▶ Recorded data
╔══

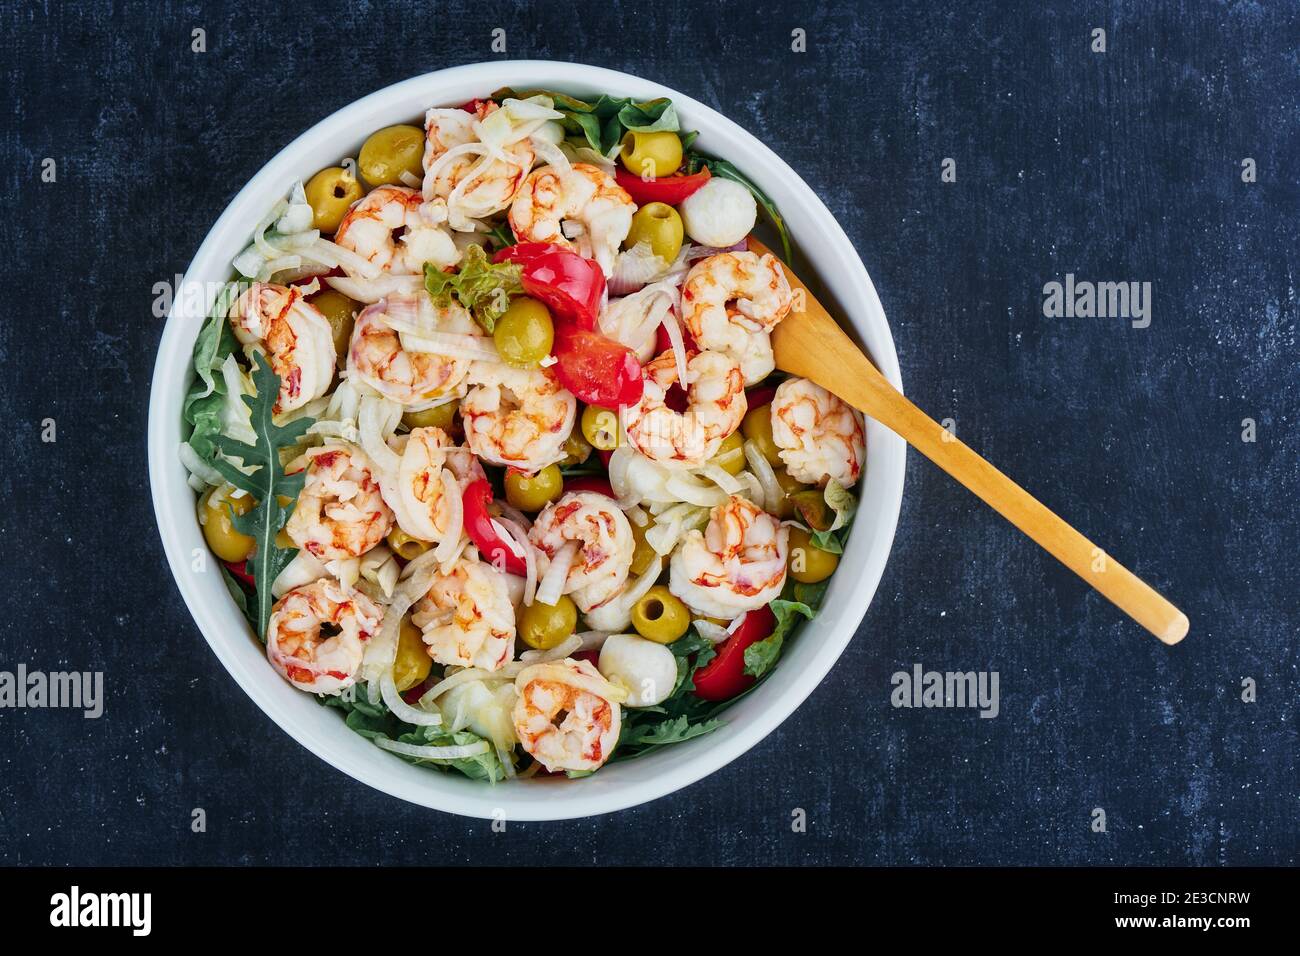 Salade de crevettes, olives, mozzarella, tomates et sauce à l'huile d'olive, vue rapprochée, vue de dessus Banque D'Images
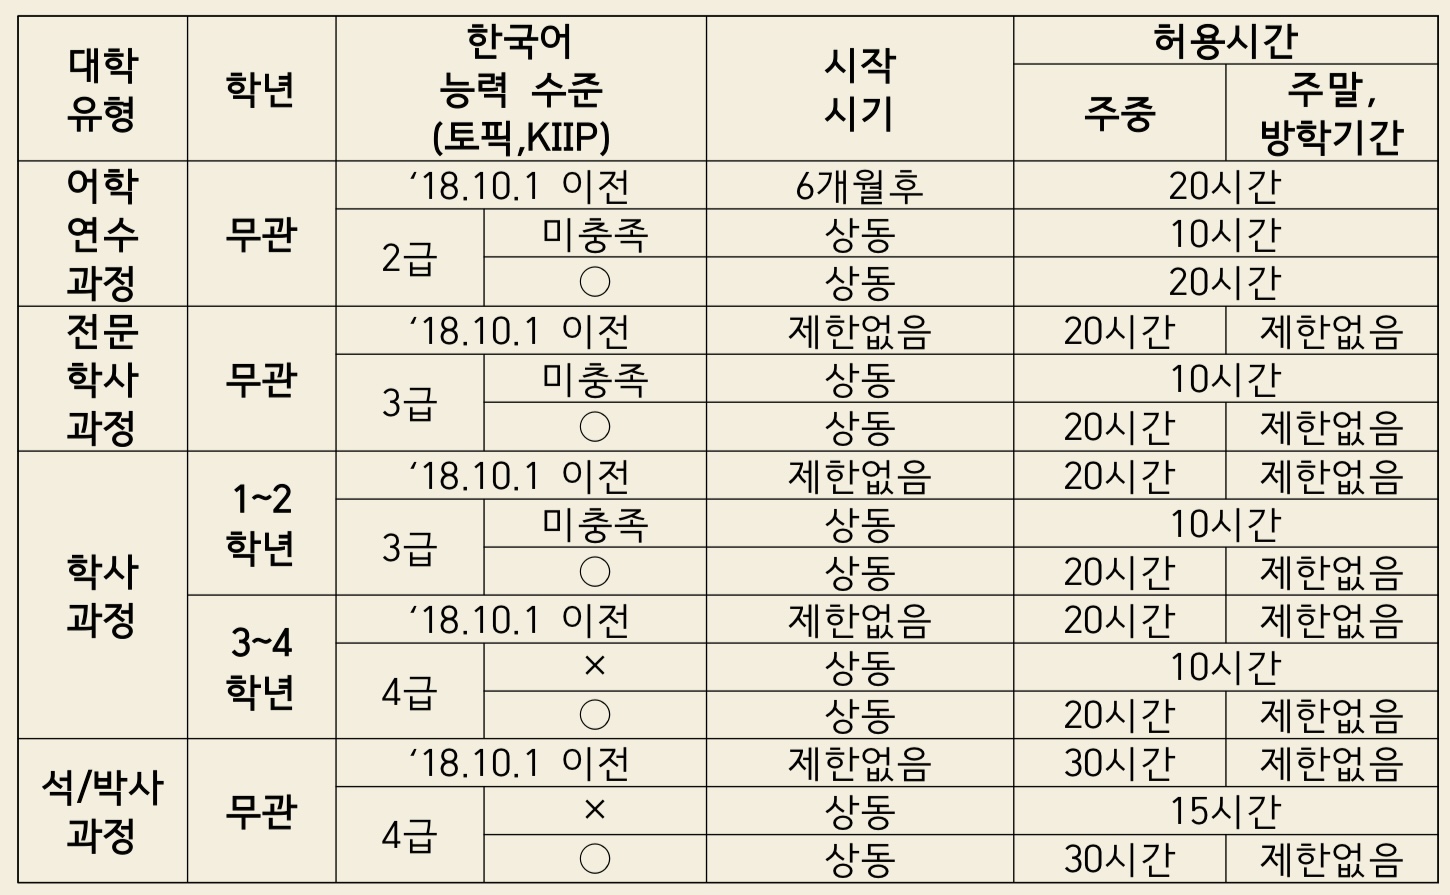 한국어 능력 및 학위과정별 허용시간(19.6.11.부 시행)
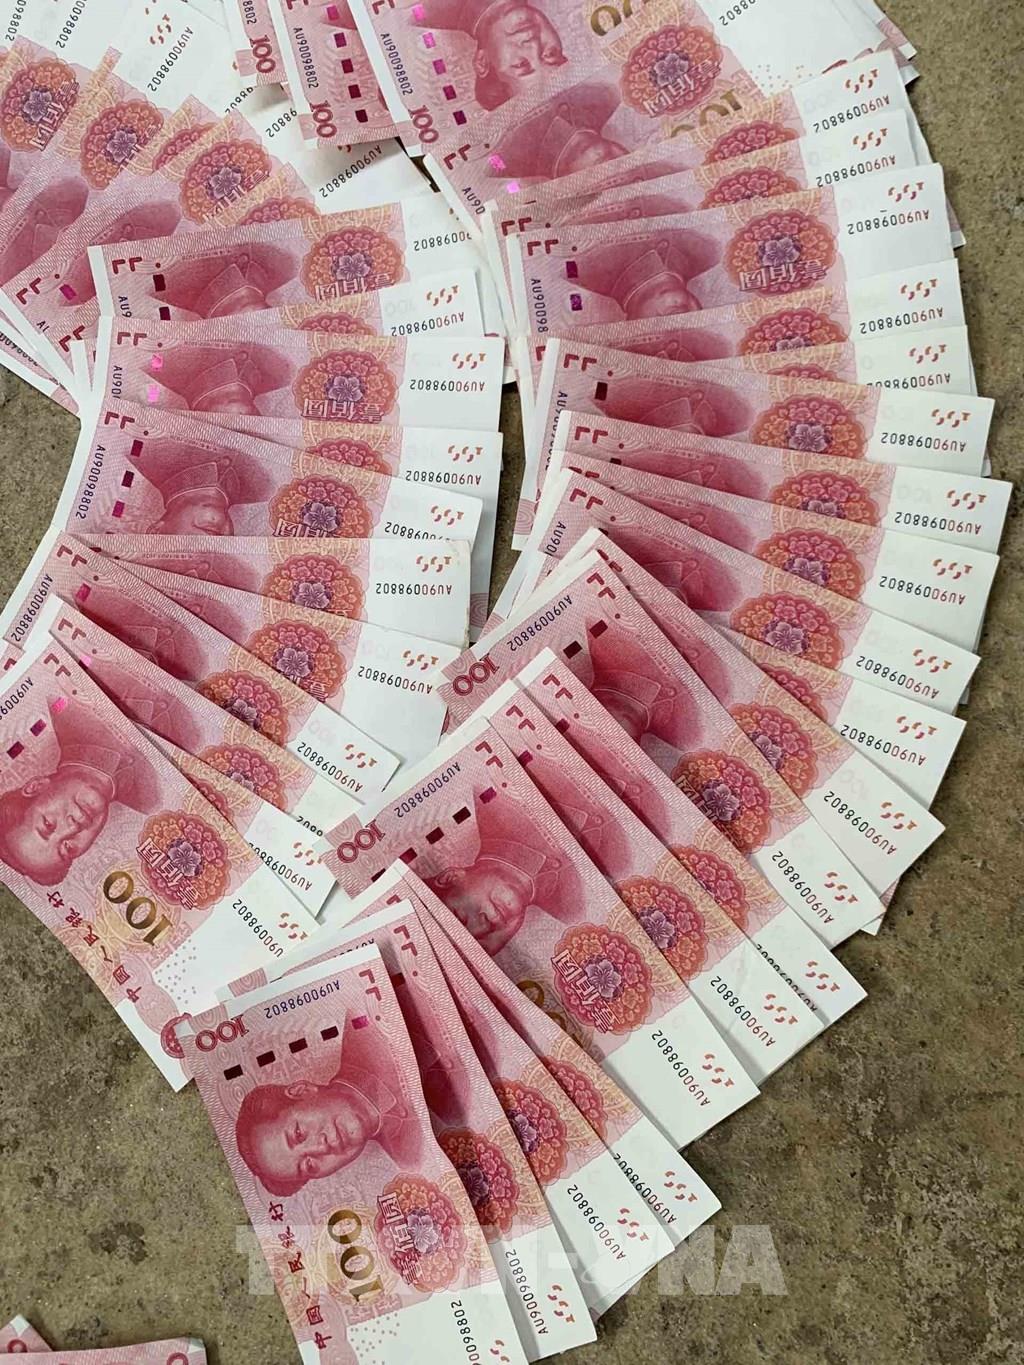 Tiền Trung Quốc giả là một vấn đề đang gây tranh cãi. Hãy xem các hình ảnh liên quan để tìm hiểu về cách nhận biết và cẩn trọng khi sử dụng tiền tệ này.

╚══

▶ Instructions for the task
Give the data again exactly as it stands, apart from the pictures.

▶ Output below
 Salade de crevettes, olives, mozzarella, tomates et sauce à l'huile d'olive, vue rapprochée, vue de dessus Banque D'Images
 한국어 능력 및 학위과정별 허용시간(19.6.11.부 시행)
 Tiền Trung Quốc giả là một vấn đề đang gây tranh cãi. Hãy xem các hình ảnh liên quan để tìm hiểu về cách nhận biết và cẩn trọng khi sử dụng tiền tệ này.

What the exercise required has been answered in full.